**YOUR ASSIGNMENT**
Transcribe only what runs from the line containing "Vua Nệm và Wedding" through the end of the listing, line for line and exactly, and omit the pictures.

**DATASET EXCERPT**
▼
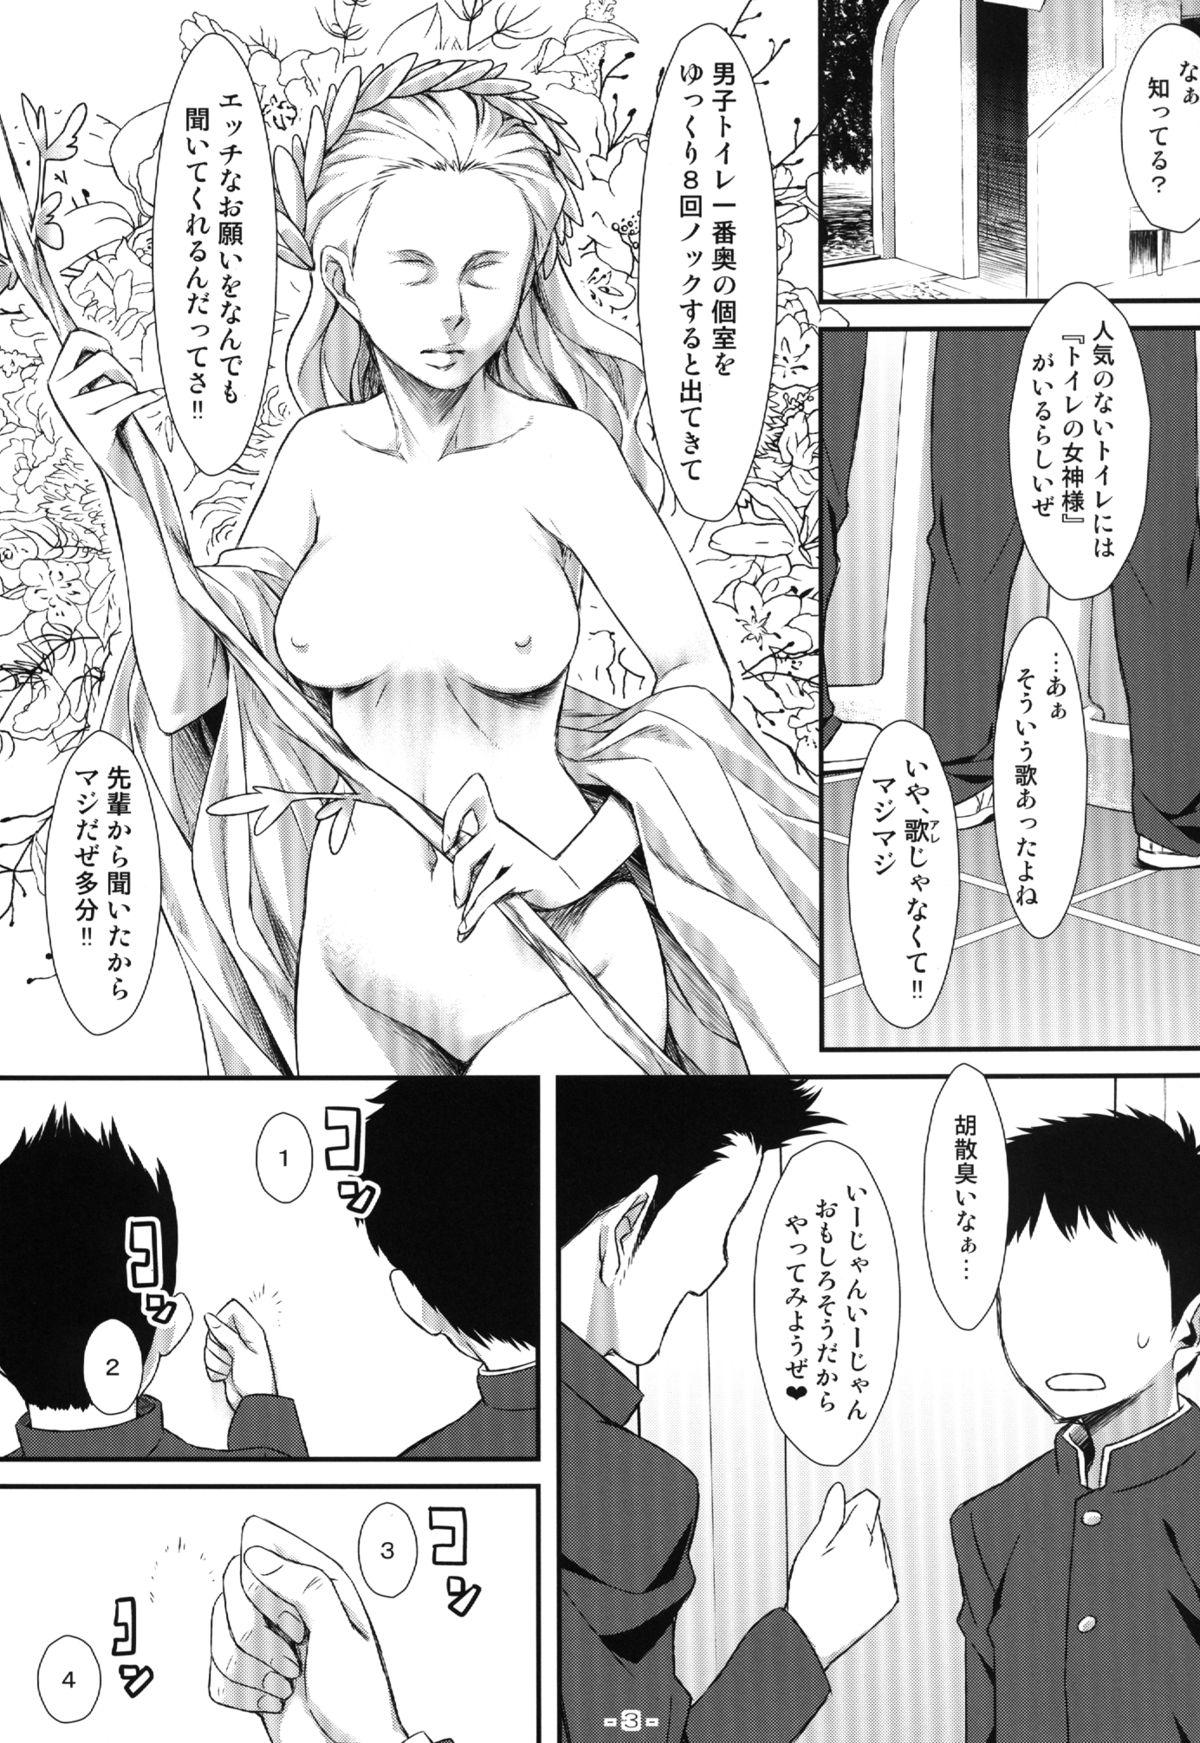 Boy Yasei no Chijo ga Arawareta! 7 - Touhou project Lesbos - Page 3
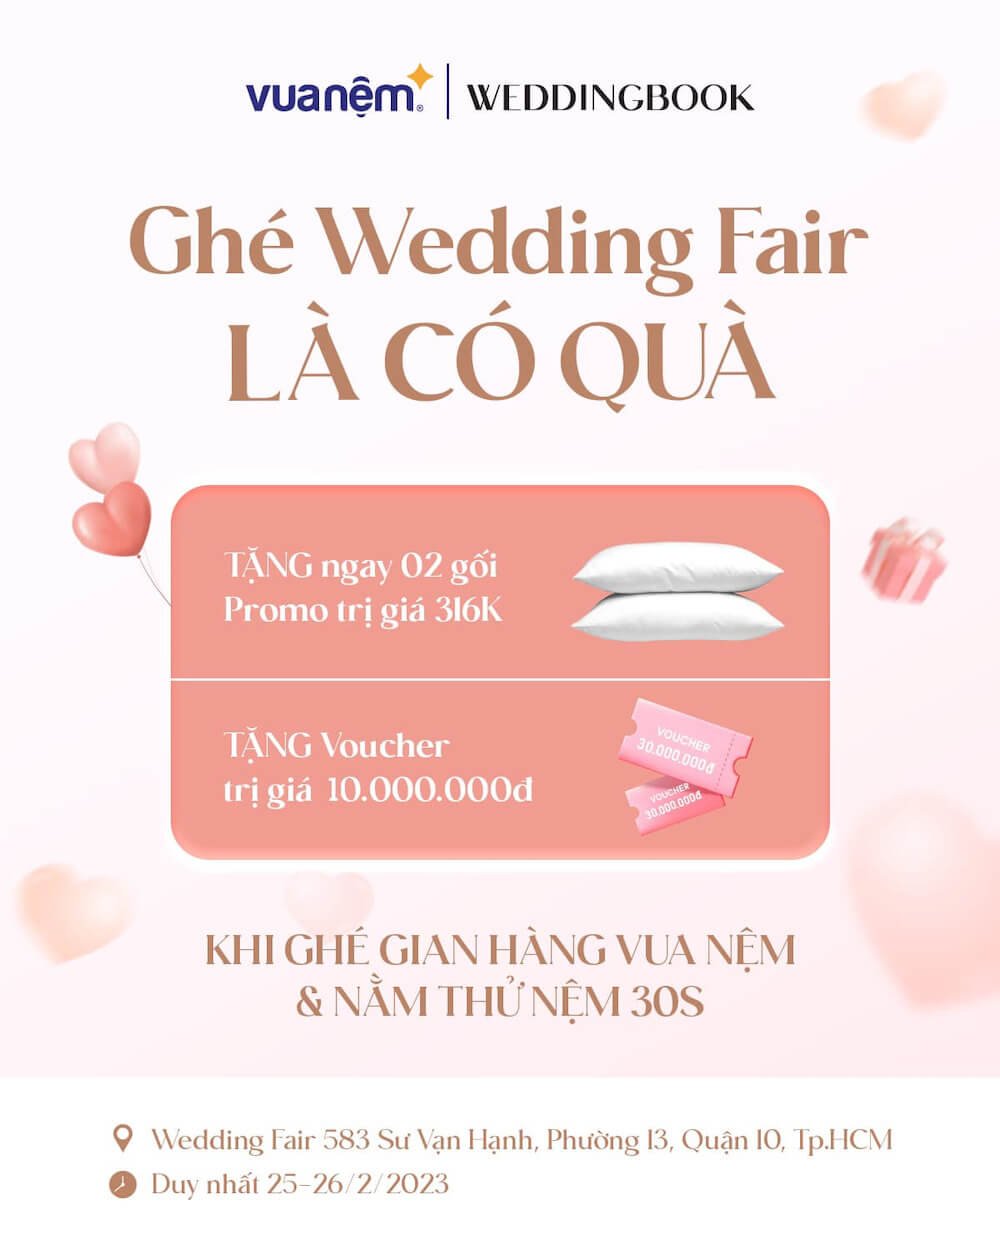 Vua Nệm và Wedding Book Saigon tổ chức sự kiện Wedding Fair 
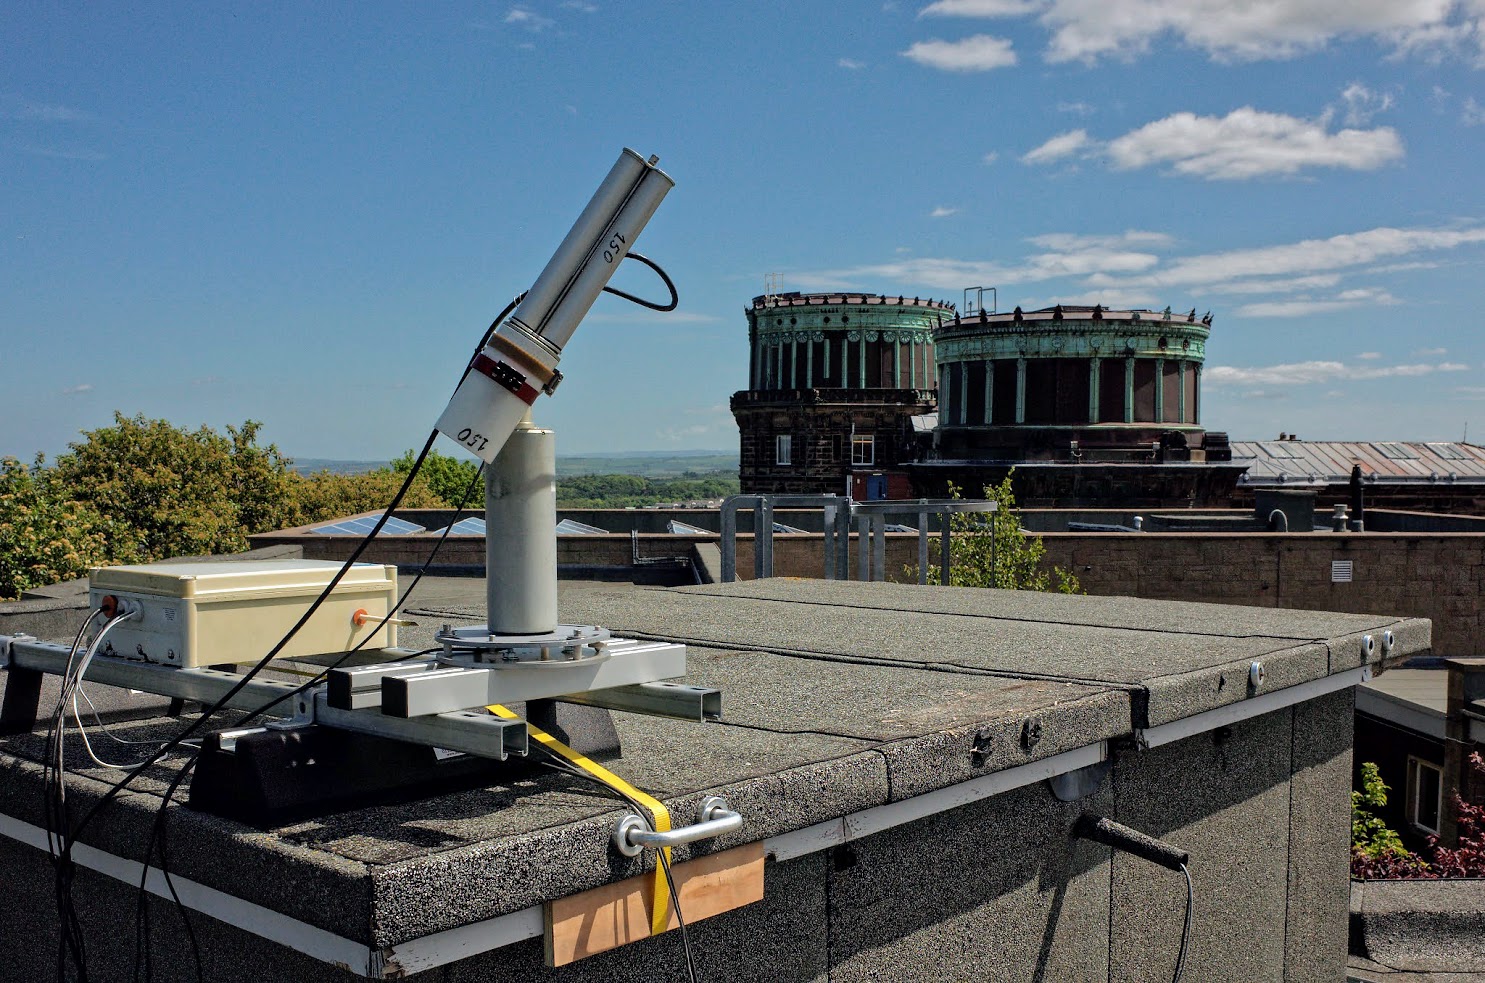 Cimel sunphotometer on the Edinburgh Royal Observatory
▲
**RESULT OF THE EXERCISE**
 Vua Nệm và Wedding Book Saigon tổ chức sự kiện Wedding Fair 
 Cimel sunphotometer on the Edinburgh Royal Observatory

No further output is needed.